Aerodynamic Investigations of an Advanced Over-the-Wing Nacelle Transport Aircraft Configuration

Abstract

The transonic aerodynamic characteristics of an advanced, Over-the-Wing Nacelle (OWN), subsonic transport configuration are assessed using both inviscid Euler and viscous Navier-Stokes CFD. Results of the assessments are compared to a similar configuration with a more traditional Under-the-Wing Nacelle (UWN) installation and a similar reference Wing-Body (WB). The engine installation and inboard wing section of the OWN are designed to create a channel between the nacelle and fuselage that accelerates the upper surface wing flow, increases leading edge suction, and subsequently reduces the overall drag. CFD results were used to examine the span loadings of the three configurations and allow normalization of their wing twist distributions. Qualitative observations and quantitative drag computations are performed for the three configurations at a cruise Mach number of 0.78, an approximate altitude of 35,000 ft, and a CL of 0.44. It was found that the OWN’s inboard wing channel section is effective in producing favorable leading edge suction but that the overall drag, compared to the UWN, is higher by 32 counts. Although the source of this drag excess could not be precisely identified, it was isolated in the nacelle region. CFD solutions were obtained for several transonic Mach numbers to assess the drag rise characteristics of the three configurations. Inviscid Euler results showed similar trends to previous studies where the OWN is higher in drag at lower Mach numbers but enjoys a much milder drag rise than the UWN or WB and has lower drag at higher Mach numbers.
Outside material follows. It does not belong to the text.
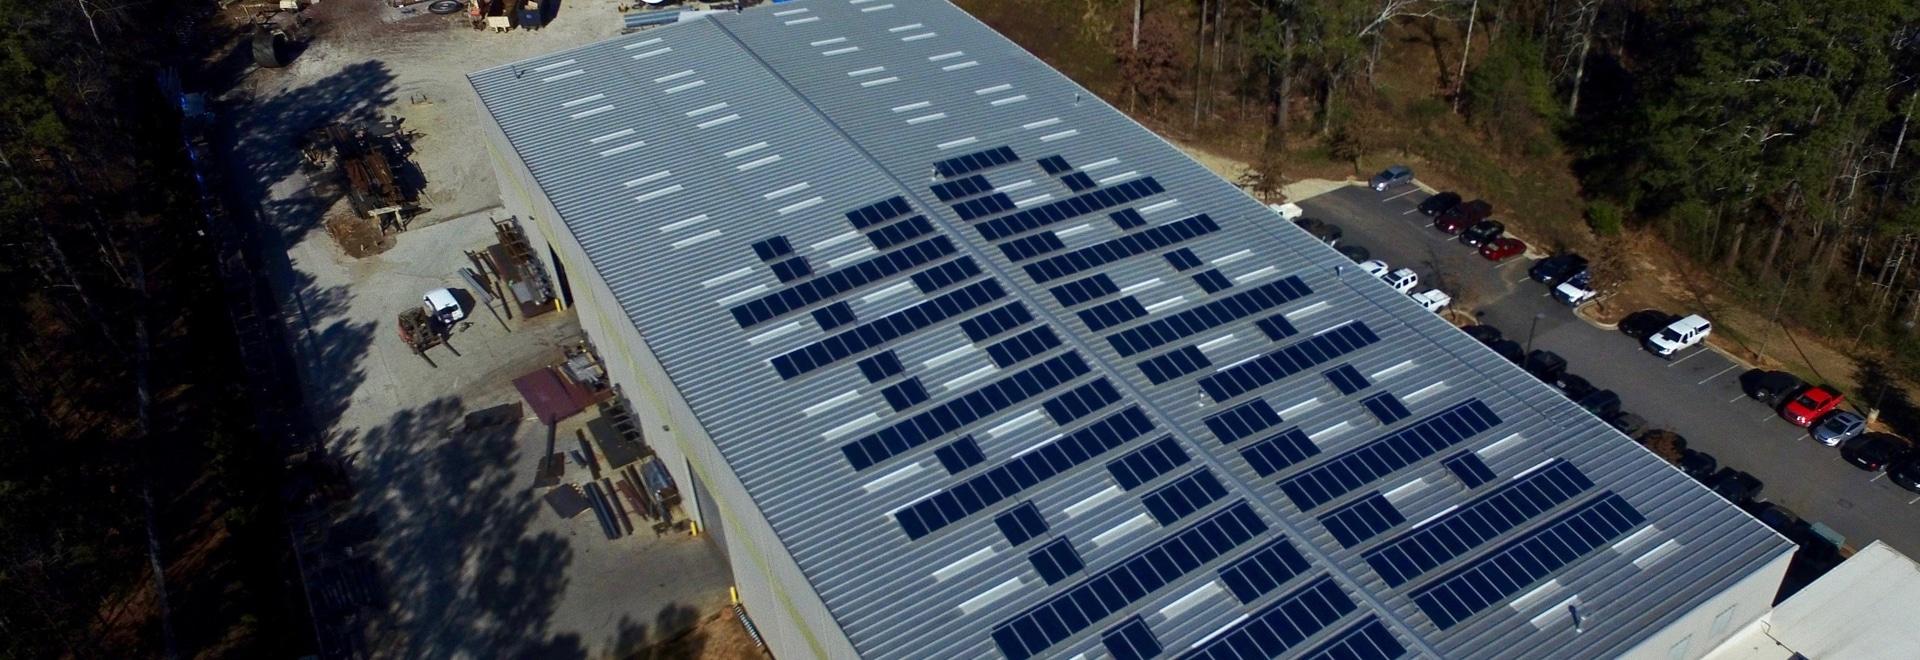 L'énergie solaire réduit les besoins de l'électricité du fabricant, empreinte de pas de carbone

Viscous Navier-Stokes results however showed that the effect of shock-induced flow separation significantly increases the drag rise but that the OWN still likely experiences it less severely than the UWN. Overall, the results of this study indicate that the Over-theWing Nacelle concept under consideration appears to be an aerodynamically competitive engine installation to the more traditional Under-the-Wing pylon installation.